If you find that the problem is under specified, please make reasonable assumptions and document them in the README.shell file. Any clarifications or revisions to the assignment will be posted to EdStem.
After you finish your code, use make turnin to submit a compressed tarball named turnin.tar for submission. It may be a good idea to unpack this tarball into a clean directory on a UTCS linux system to make sure it still compiles. You should then upload the file to the Project 0 Test Cases assignment on Canvas. Make sure you have included the necessary information in the README.shell and placed your pair programming log in the project directory.
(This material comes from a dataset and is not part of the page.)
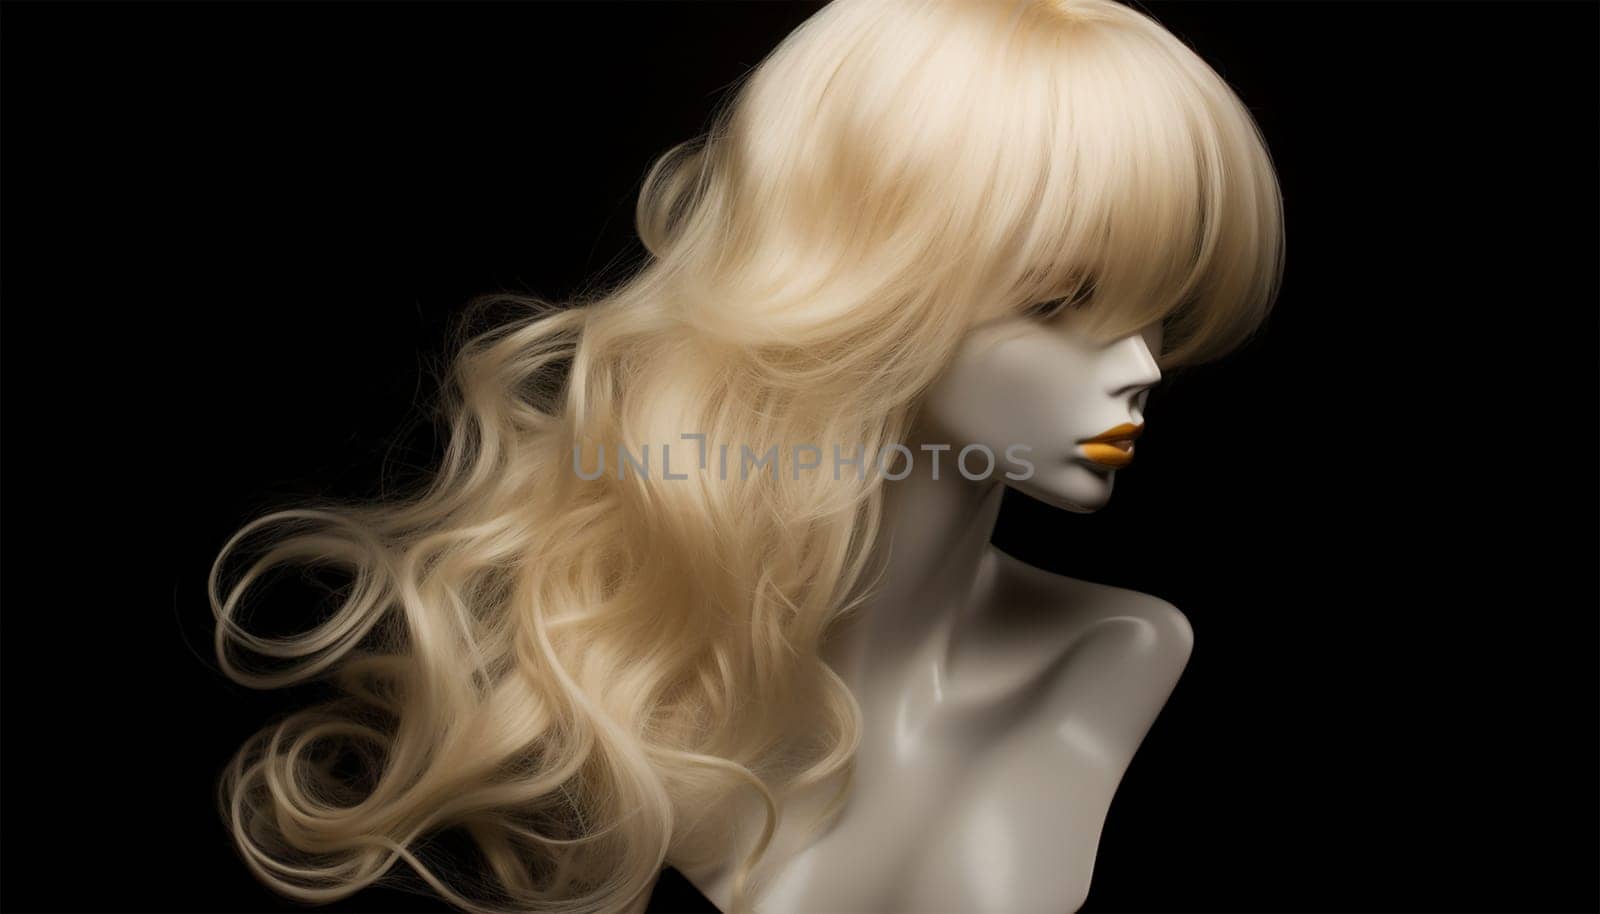 Natural looking blonde wig on white mannequin head. Long hair on the plastic wig holder isolated on black background, front view woman design by Annebel146

Submitting the wrong tar file will result in a grade of 0, in particular, make sure you do not turn in the original skeleton tar file.
Once you have completed your design document, please submit it to the Project 0 Design and Documentation assignment in Canvas. Make sure you have included your name, CS login, and UT EID in the design document.
The purpose of the design document is to explain and defend your design to us. Its grade will reflect both your answers to the questions and the correctness and completeness of the implementation of your design. It is possible to receive partial credit for speculating on the design of portions you do not implement, but your grade will be reduced due to the lack of implementation.
Code will be evaluated based on its correctness, clarity, and elegance according to the Grading Criteria and detailed Project 0 rubric. Strive for simplicity. Think before you code.
The most important factor in grading your code design and documentation will be code inspection and evaluation of the descriptions in the write-ups. Remember, if your code does not follow the standards, it is wrong. If your code is not clear and easy to understand, it is wrong.
Project adapted from one used in OSTEP. Many thanks to the Drs. Arpaci-Dusseau for permission to use their work.
[1]: This is both an homage to the UTCS
department and a play on the name of the popular tcsh
shell.
[2]: Note that we check the return value
of the write call in spite of the fact that all we can do if it's wrong is
exit. This is good programming practice, and you should be sure to always check
the return codes of any system or library call that you make.
[3]: Sometimes you hear PATH
referred to as "the path," but in most real-world contexts,
you will need to deduce which one is meant from context.